According to the Best’s Special Report, “Higher Utilization, Regulatory Challenges, Pressure Medicare Advantage Segment,” competition and underwriting performance vary by state, but underwriting losses are becoming more prevalent. In 2023, there were aggregated underwriting losses in 21 states, compared with six in 2019 and 14 in 2021. Factors such as increased inpatient admissions and utilization of outpatient care and supplemental benefits have contributed to the heightened MA usage. While the impacts to individual companies vary and depends partly on how much they integrated the increased utilization into their 2024 pricing models, overall, the unfavorable trends have pressured financial results for the last couple years, continuing into 2024. The percentage of MA carriers reporting an underwriting loss in 2023 was 71%, the highest since 2015. The report notes that due to the changing market conditions of Medicare Advantage, some MA carriers including both national and regional companies, have stated that they were dropping plans or exiting certain markets entirely for 2025.

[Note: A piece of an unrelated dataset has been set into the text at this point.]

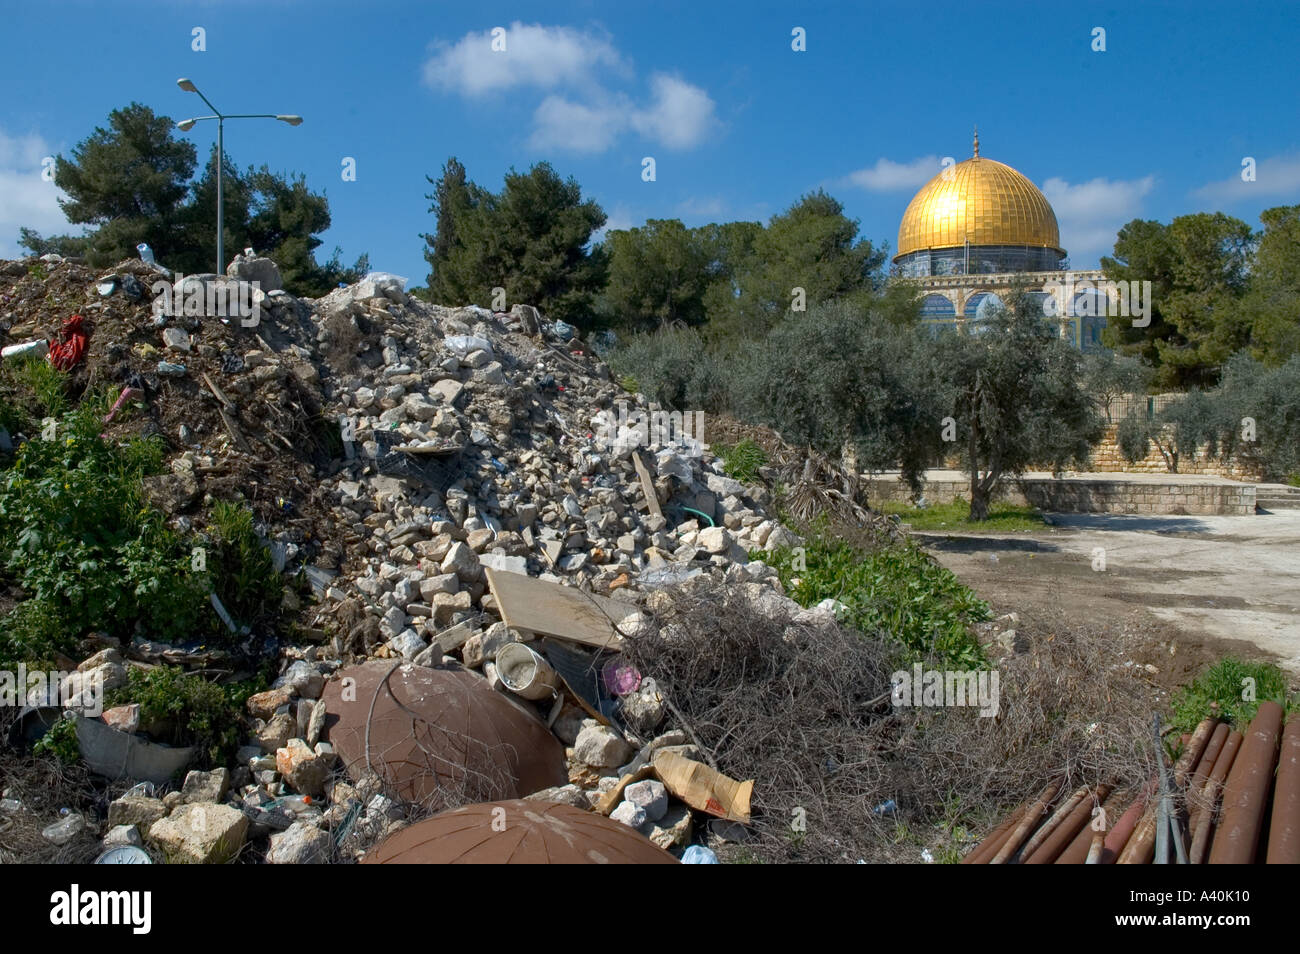 Israel Jerusalem Old City Esplanade of the mosques The Dome of the Rock piles of rubbles from controversial building sites with dome in bkgd Stock Photo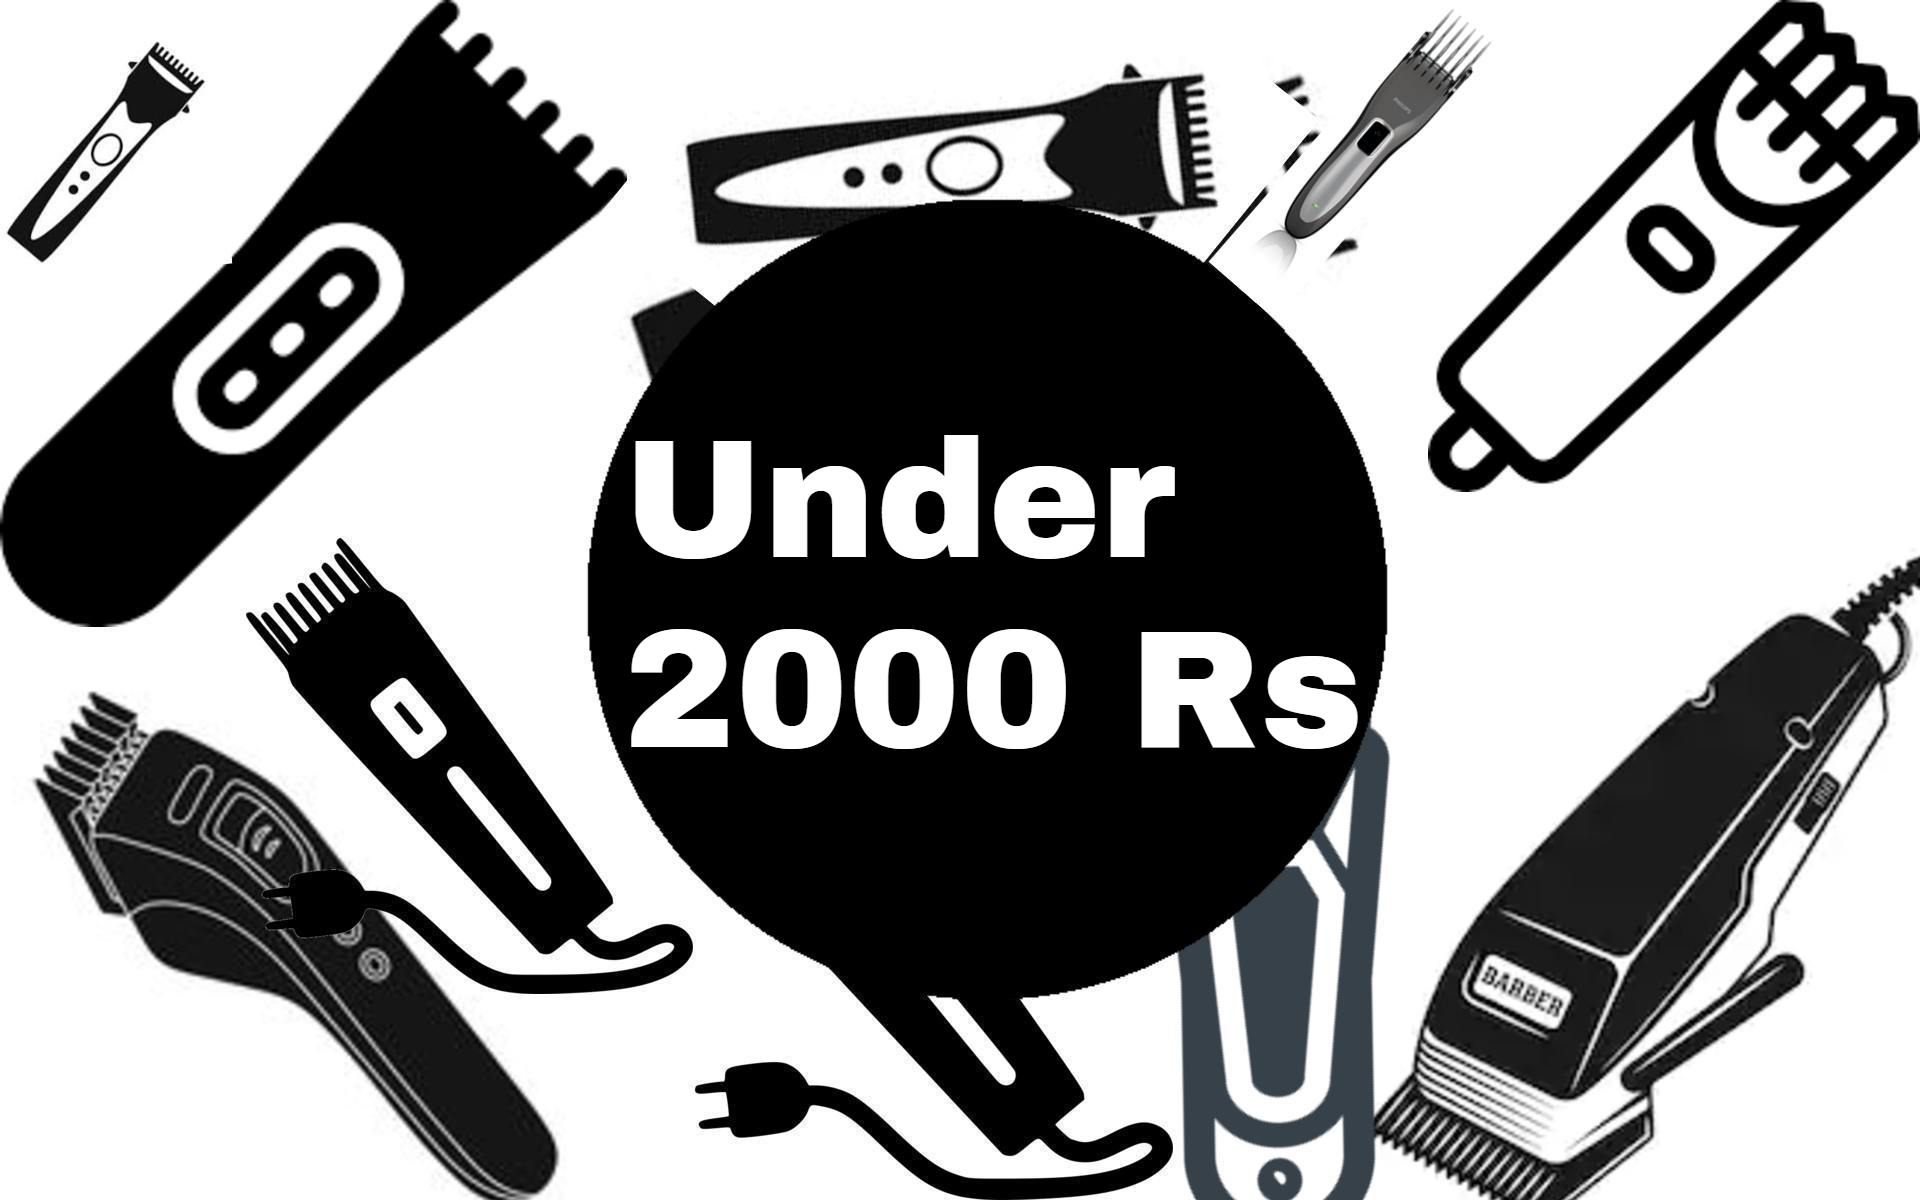 trimmers under 2000 rs

“To counter the elevated utilization and pricing pressures, some insurers have reduced benefits, although this is regulated by CMS, while others are implementing rate increases,” said
A contributing factor to the recent announcements of market exits by some participants include the Inflation Reduction Act of 2022 (IRA), which takes effect in 2025 and includes several provisions aimed at lowering prescription drug expenses for Medicare Part D beneficiaries, shifting a larger share of costs to insurers and drug manufacturers. A separate stabilization demonstration program was enacted earlier this year to support implementation of the redesigned Part D benefit by subsidizing the anticipated premium and cost increases; however, this is available to Medicare Part D-only insurers and does not apply to MA plans that include Part D. Another factor pressuring MA plans are the recent changes in the risk adjustment score calculation that are being phased in over three years starting with 2024; the new calculation drives down the score leading to lower reimbursement rates per member.
“MA insurers may look to reduce additional benefits to mitigate the impact of increased costs of Part D benefits and decreased risk adjustment revenues rather than reflect the impact through higher premiums,” said
To access the full copy of this market segment report, please visit http://www3.ambest.com/bestweek/purchase.asp?record_code=348422.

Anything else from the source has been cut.